_Task item:_ Beginning with the line that contains "New With Tags", retype the entries below exactly, ending with the line that contains "Cheekoo's Handcrafted Natural". Leave out any pictures.

_Supplied material:_
((
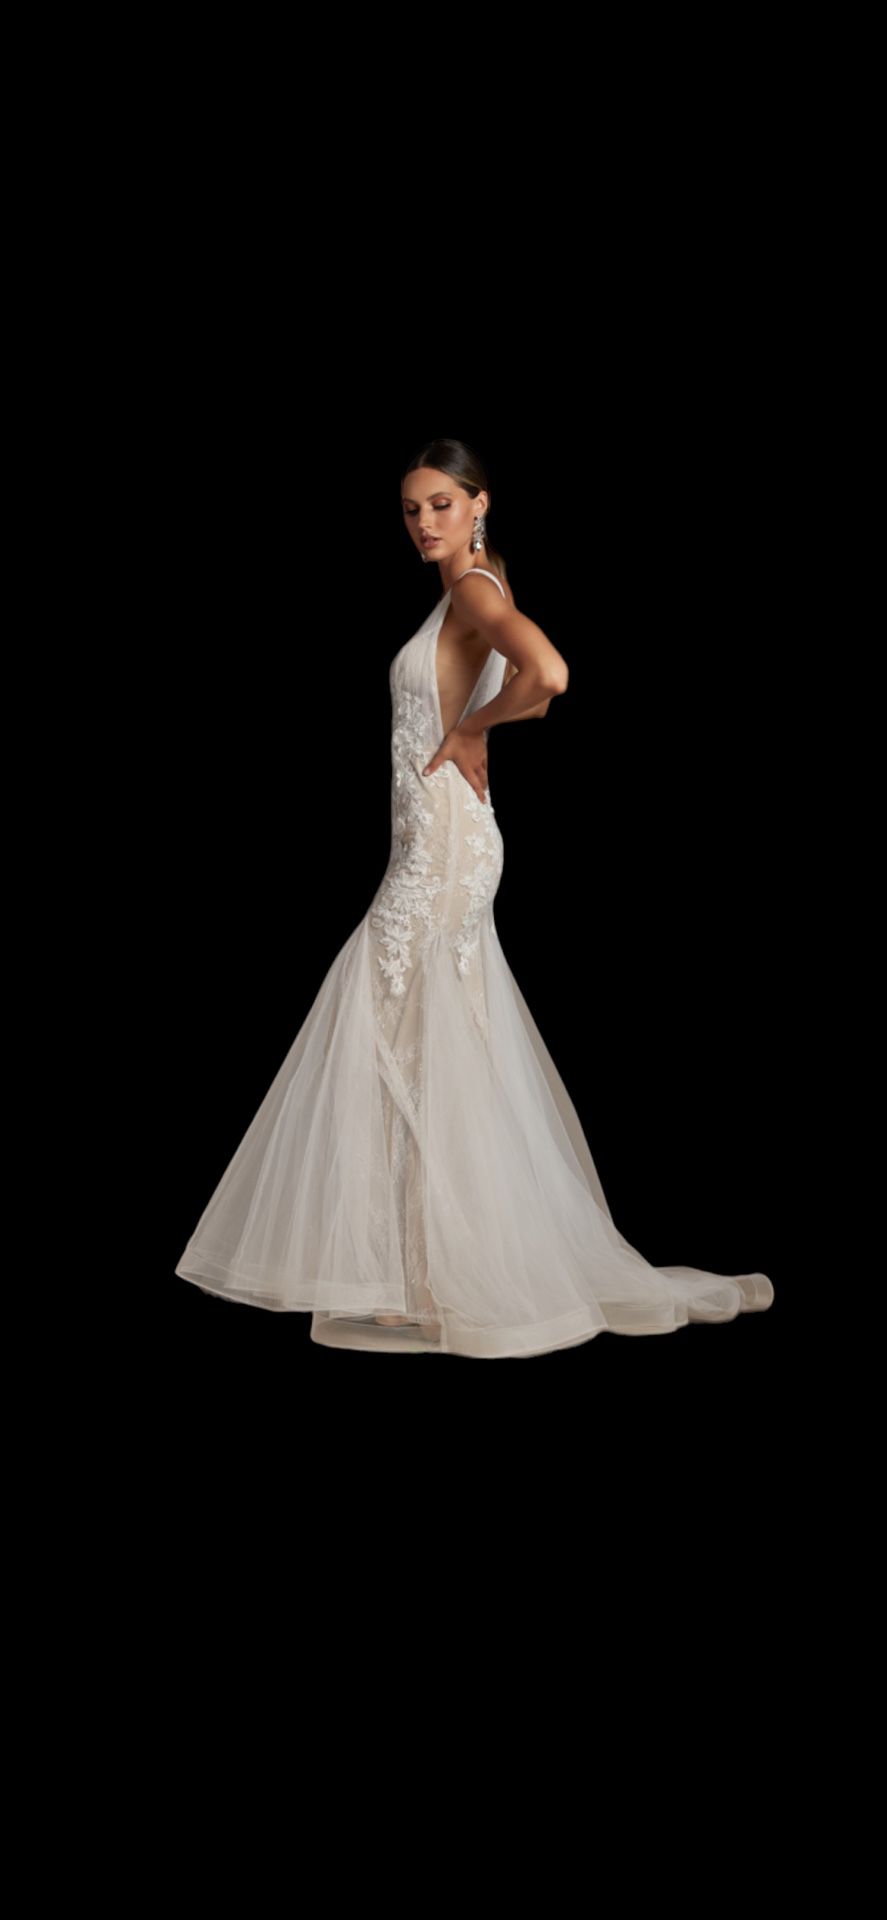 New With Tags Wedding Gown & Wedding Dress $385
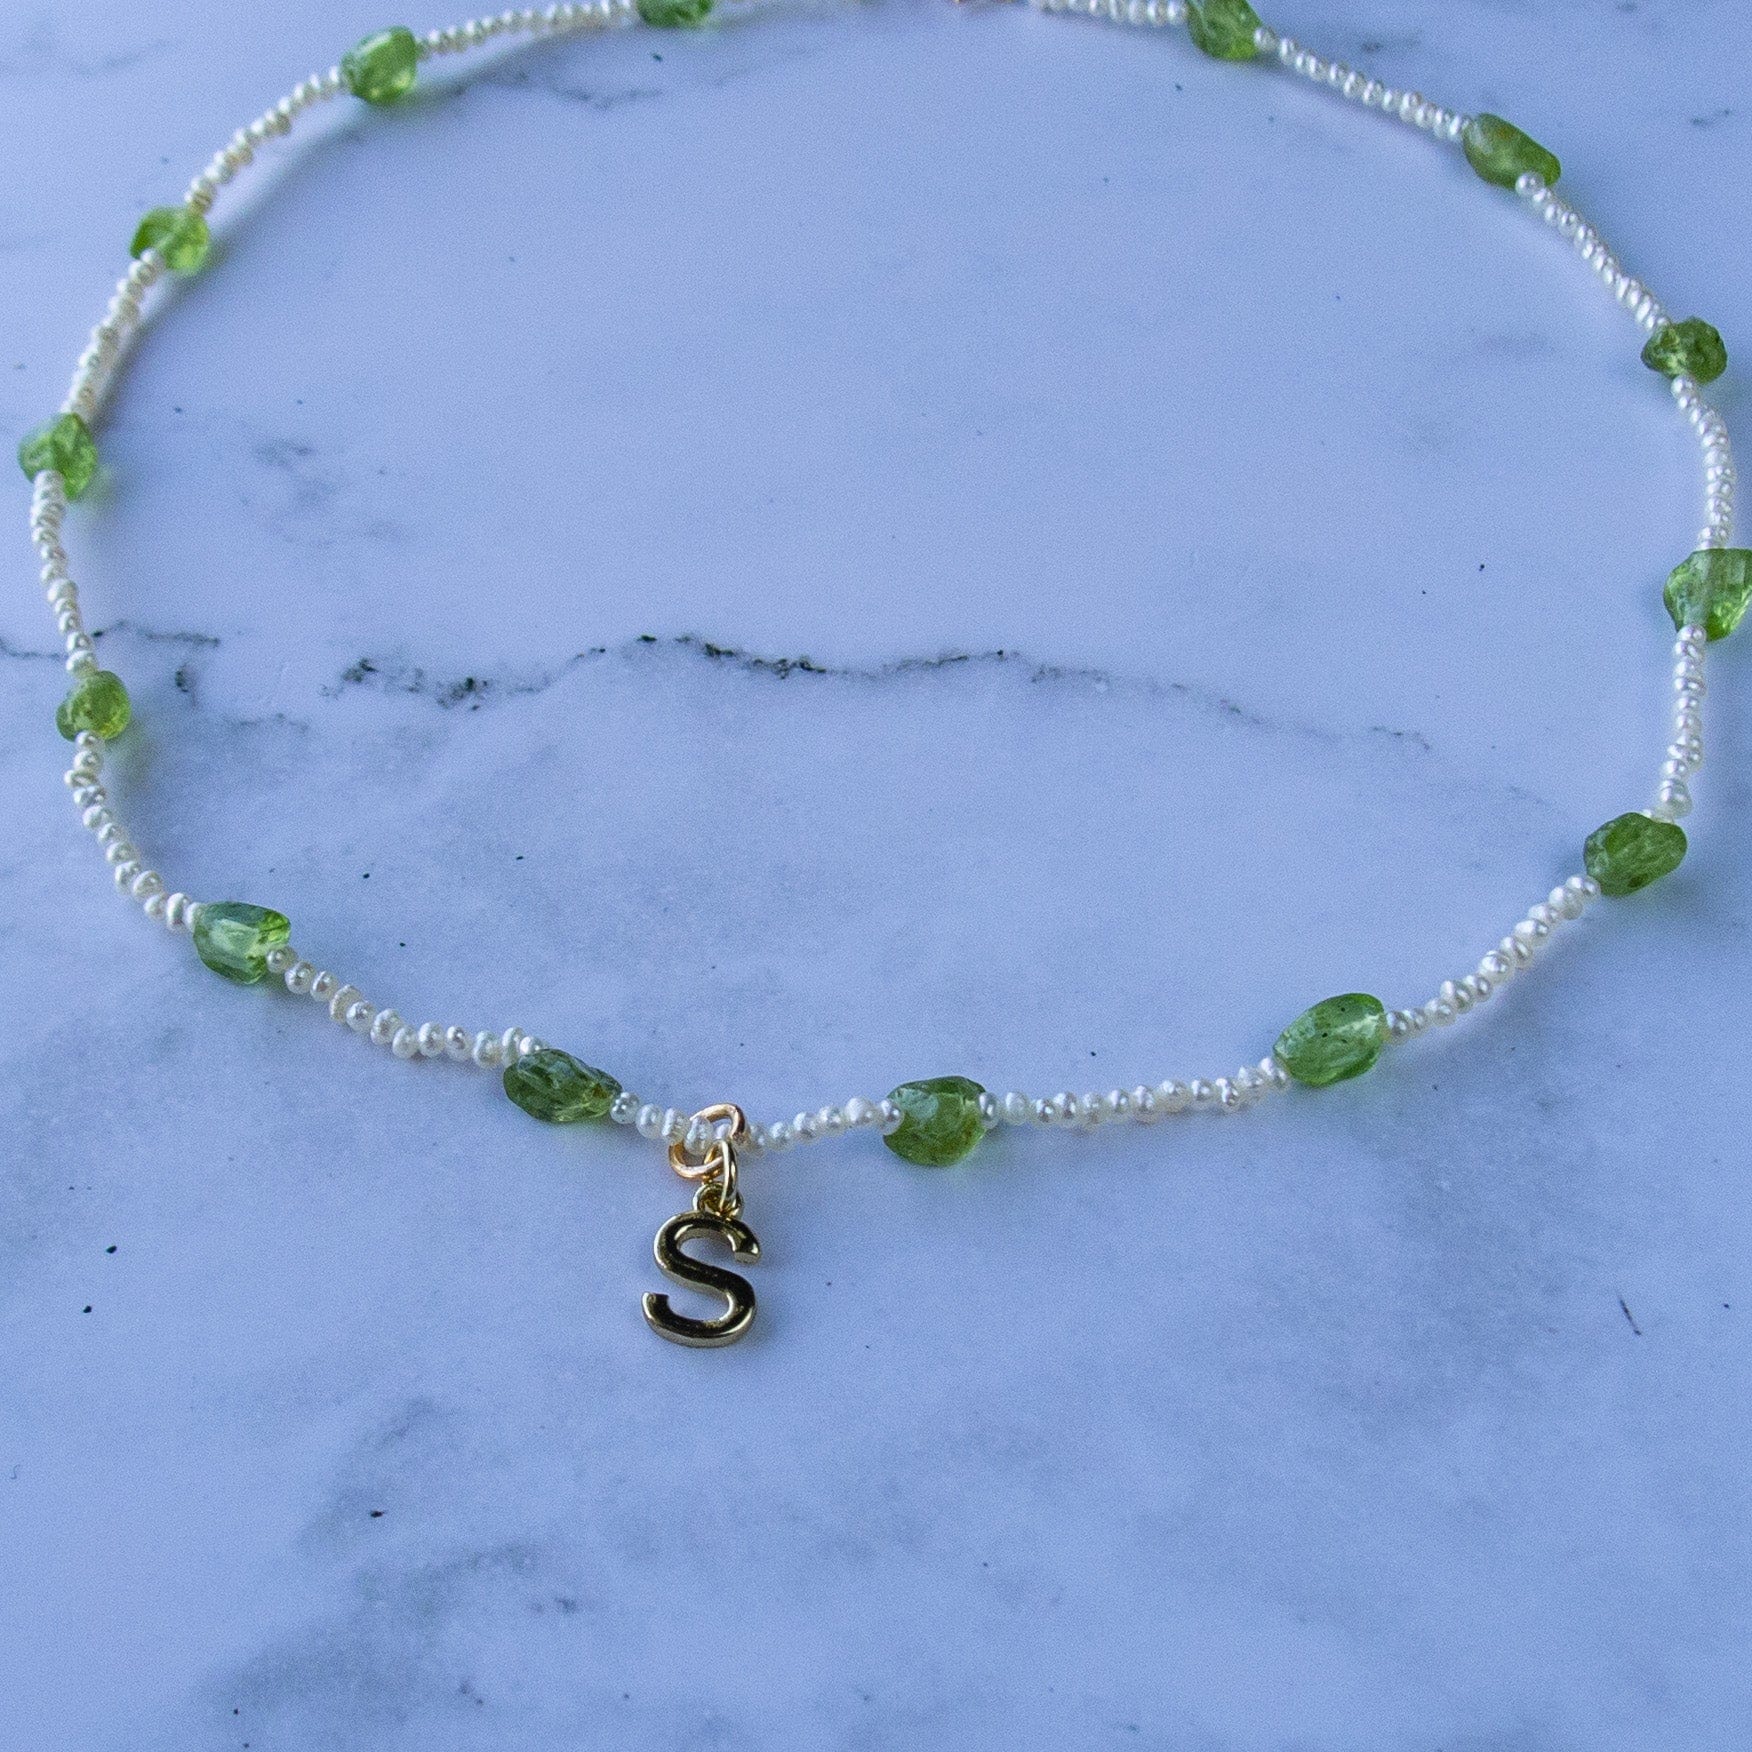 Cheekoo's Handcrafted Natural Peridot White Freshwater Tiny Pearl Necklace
))
((
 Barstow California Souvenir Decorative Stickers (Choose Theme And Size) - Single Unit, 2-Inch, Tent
))
_Result of this exercise:_
 New With Tags Wedding Gown & Wedding Dress $385
 Cheekoo's Handcrafted Natural Peridot White Freshwater Tiny Pearl Necklace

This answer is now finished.